Chest computed tomography (CT) based analysis and diagnosis of the Coronavirus Disease 2019 (COVID-19) plays a key role in combating the outbreak of the pandemic that has rapidly spread worldwide. To date, the disease has infected more than 18 million people with over 690k deaths reported. Reverse transcription polymerase chain reaction (RT-PCR) is the current gold standard for clinical diagnosis but may produce false positives; thus, chest CT based diagnosis is considered more viable. However, accurate screening is challenging due to difficulty in annotation efforts of infected areas, curation of large datasets, and the slight discrepancies between COVID-19 and other viral pneumonia. In this study, we propose an attention-based end-to-end weakly supervised framework for the rapid diagnosis of COVID-19 and bacterial pneumonia based on multiple instance learning (MIL). We further incorporate unsupervised contrastive learning for improved accuracy with attention applied both in spatial and latent contexts, herein we propose Dual Attention Contrastive based MIL (DA-CMIL). DA-CMIL takes as input a several patient CT slices (considered as a bag of instances) and outputs a single label. Attention based pooling is applied to implicitly select key slices in latent space, and spatial attention learns slice spatial context for interpretable diagnosis. A contrastive loss is applied at the instance level to encode similarity in features from the same patient against pooled patient features. Empirical results show our algorithm achieves an overall accuracy of 98.6% and an AUC of 98.4%. Moreover, ablation studies show the benefit of contrastive learning with MIL.

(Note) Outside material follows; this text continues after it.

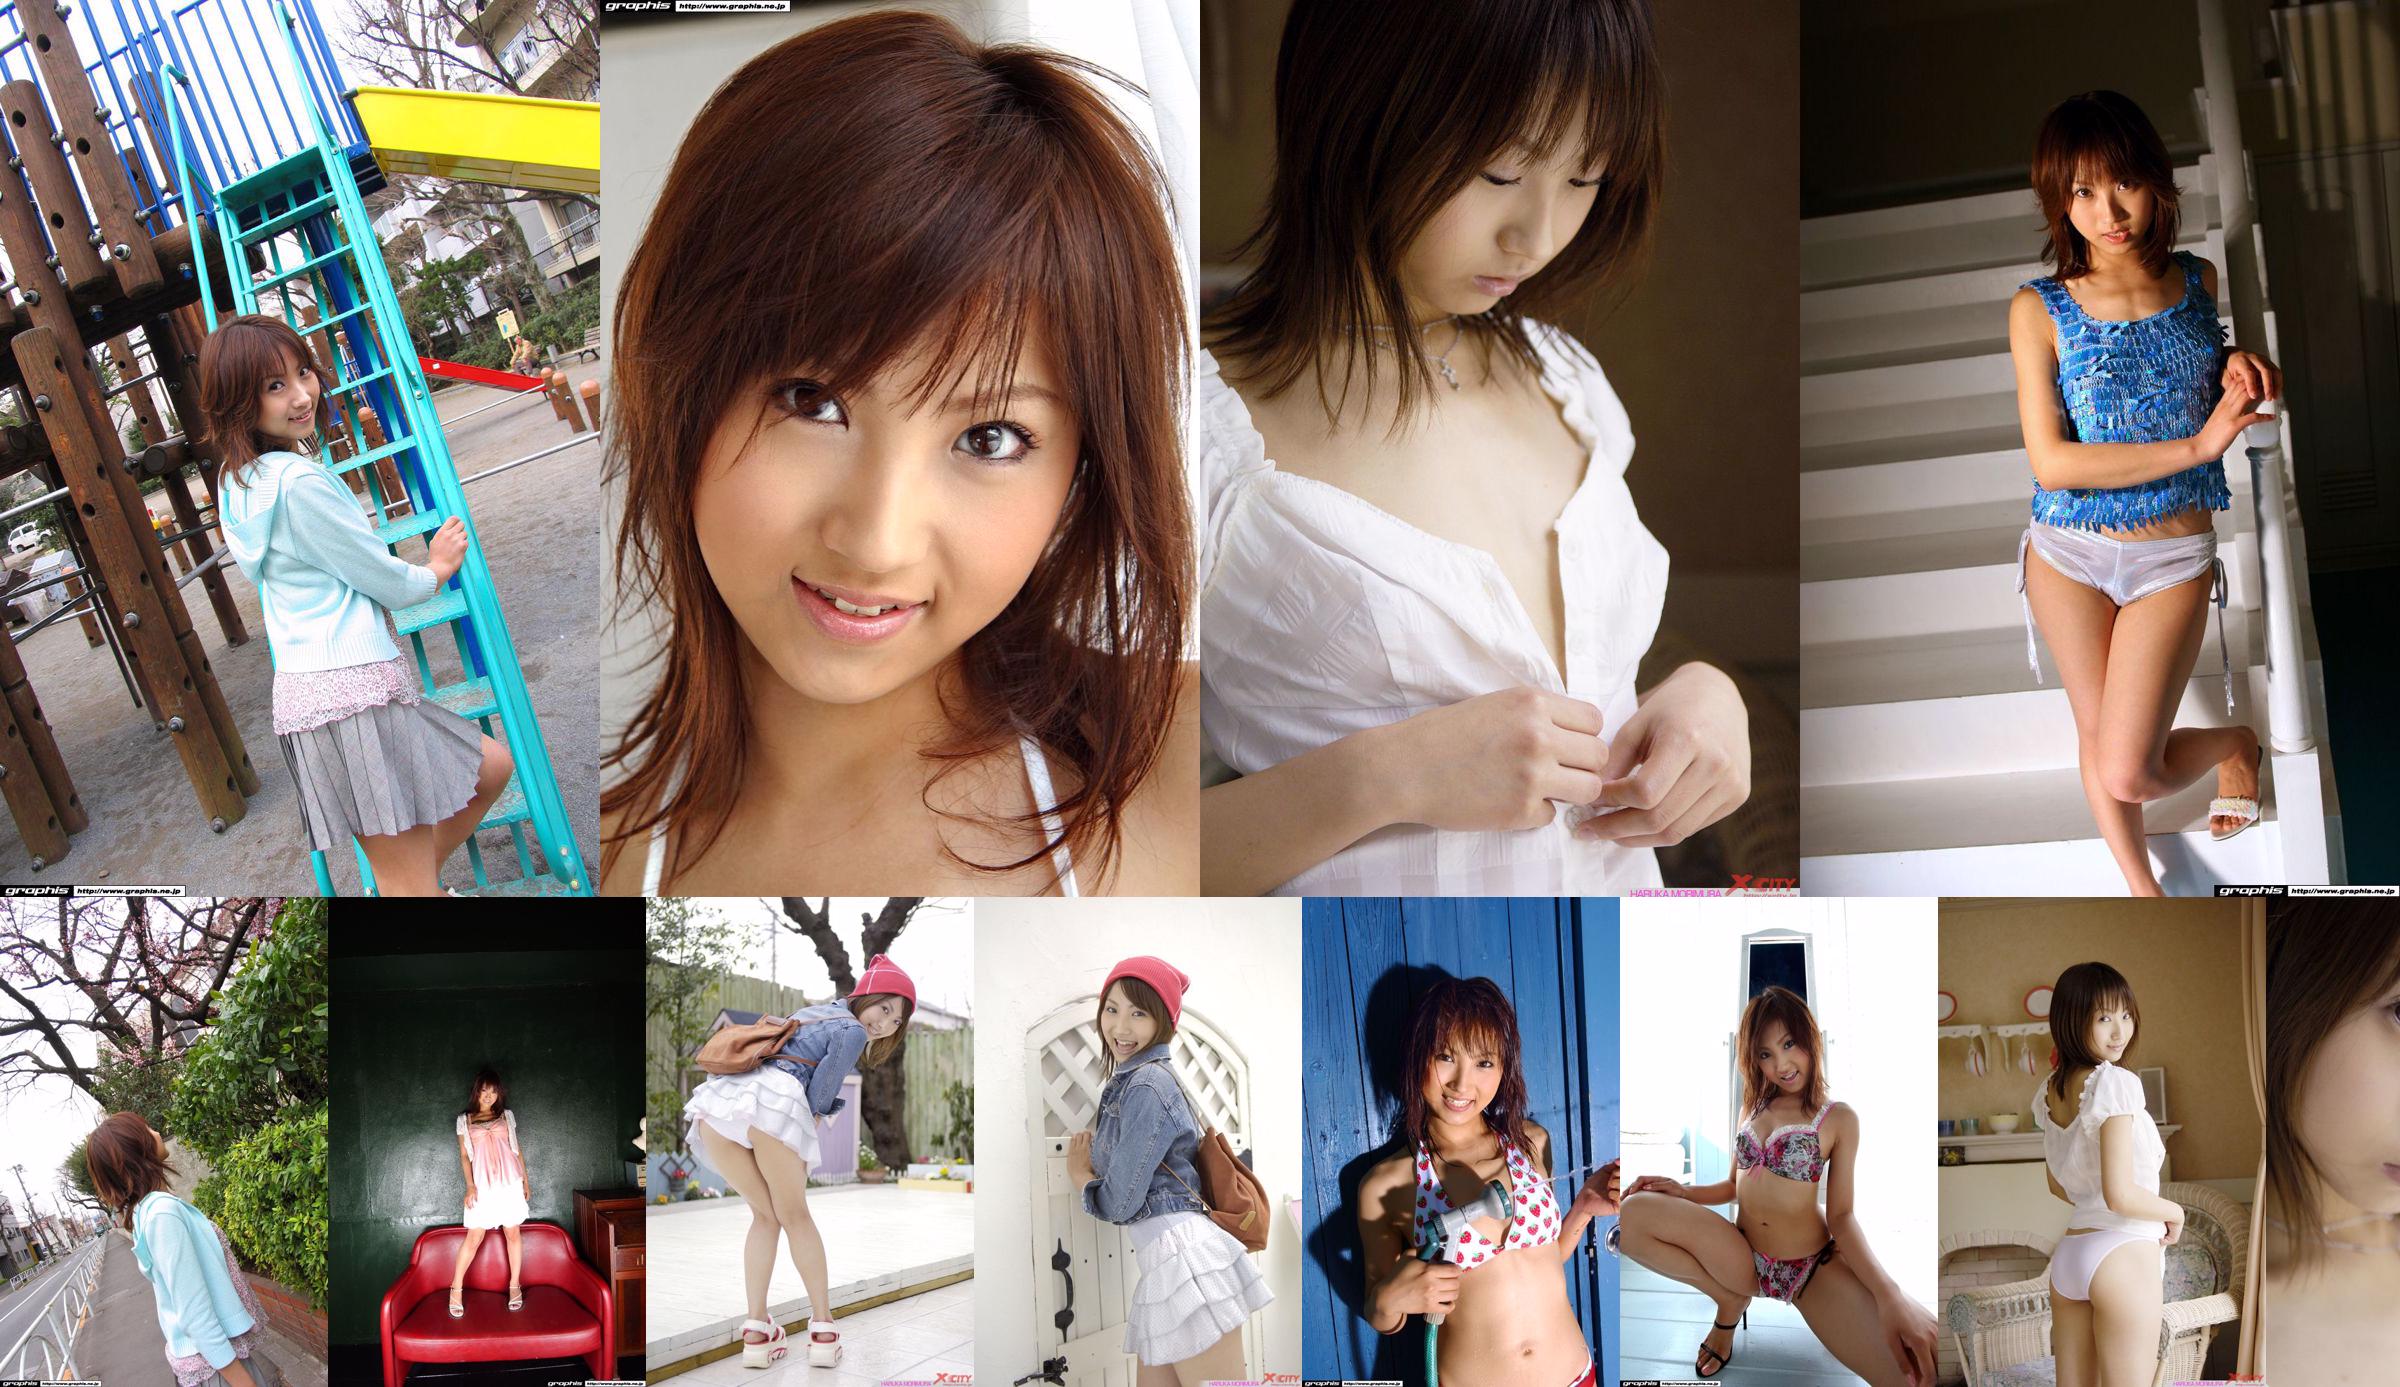 [X-City] WEB No.012 Haruka Morimura / Morimura Haruka "Morning Girl" No.2ef031 Pagina 3

The coronavirus disease 2019 , first recognized in Wuhan, China has spread to a global scale infecting millions and causing death to hundreds of thousands. As of August, 2020 infections surpassed 18 million, with reported deaths reaching over 690,000 globally. Caused by severe acute respiratory syndrome coronavirus 2 (SARS-CoV-2), COVID-19 is highly contagious with crease the risk of spreading the infection. As an easy non invasive imaging alternative, chest computed tomography (CT) is viable for fast diagnosis Ai et al. (2020) . It can detect key imaging characteristics manifested in infected areas such as ground glass opacity (GGO), multifocal patchy consolidation and/or bilateral patchy shadows Wang et al. (2020a) . However, image characteristics between COVID-19 and other pneumonia types may possess similarities, making accurate diagnosis challenging. Also, automated screening sensitivity is limited and not on par with radiologist level performance Wang et al. (2020b) . Therefore, there is an urgent need to improve and/or develop robust screening methods based on chest CT.

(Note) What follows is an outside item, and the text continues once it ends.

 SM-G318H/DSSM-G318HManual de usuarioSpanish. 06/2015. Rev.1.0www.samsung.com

On the other hand, deep learning LeCun et al. (2015) based solutions have shown success in medical image analysis Litjens et al. (2017) due to the ability to extract rich features from clinical datasets, and include a wide range of application areas such as organ segmentation Ronneberger et al. (2015) and disease diagnosis, etc. Deep learning has been employed for the diagnosis of COVID-19 in chest CT Song et al. (2020) ; Gozes et al. (2020a,b) and community acquired pneumonia (CAP) Kermany et al. (2018) . For example, Ouyang et al. (2020) proposed a 3D convolutional neural network (CNN) with online attention refinement to diagnose COVID-19 from CAP and introduced a sampling strategy to mitigate the imbalanced distribution of infected regions between COVID-19 and CAP. Song et al. (2020) proposed DeepPneumonia for localization and detection of COVID-19 pneumonia; attention was also applied to detect key regions with impressive results on a large cohort. Despite showing promising performance, most methods are supervised and require considerable labeling efforts. Notably, even without annotated examples of infection areas, some works use existing deep learning models Shan et al. (2020) to extract infection regions and/or manually select slices in CT that show key characteristics. However, taking into consideration that during the pandemic experts have had limited time to perform labeling of CT volumes for supervised methods, unsupervised or weakly supervised learning methods that do not heavily rely on extensive data pre-processing and/or strong prior knowledge are a preferred option for accurate diagnosis.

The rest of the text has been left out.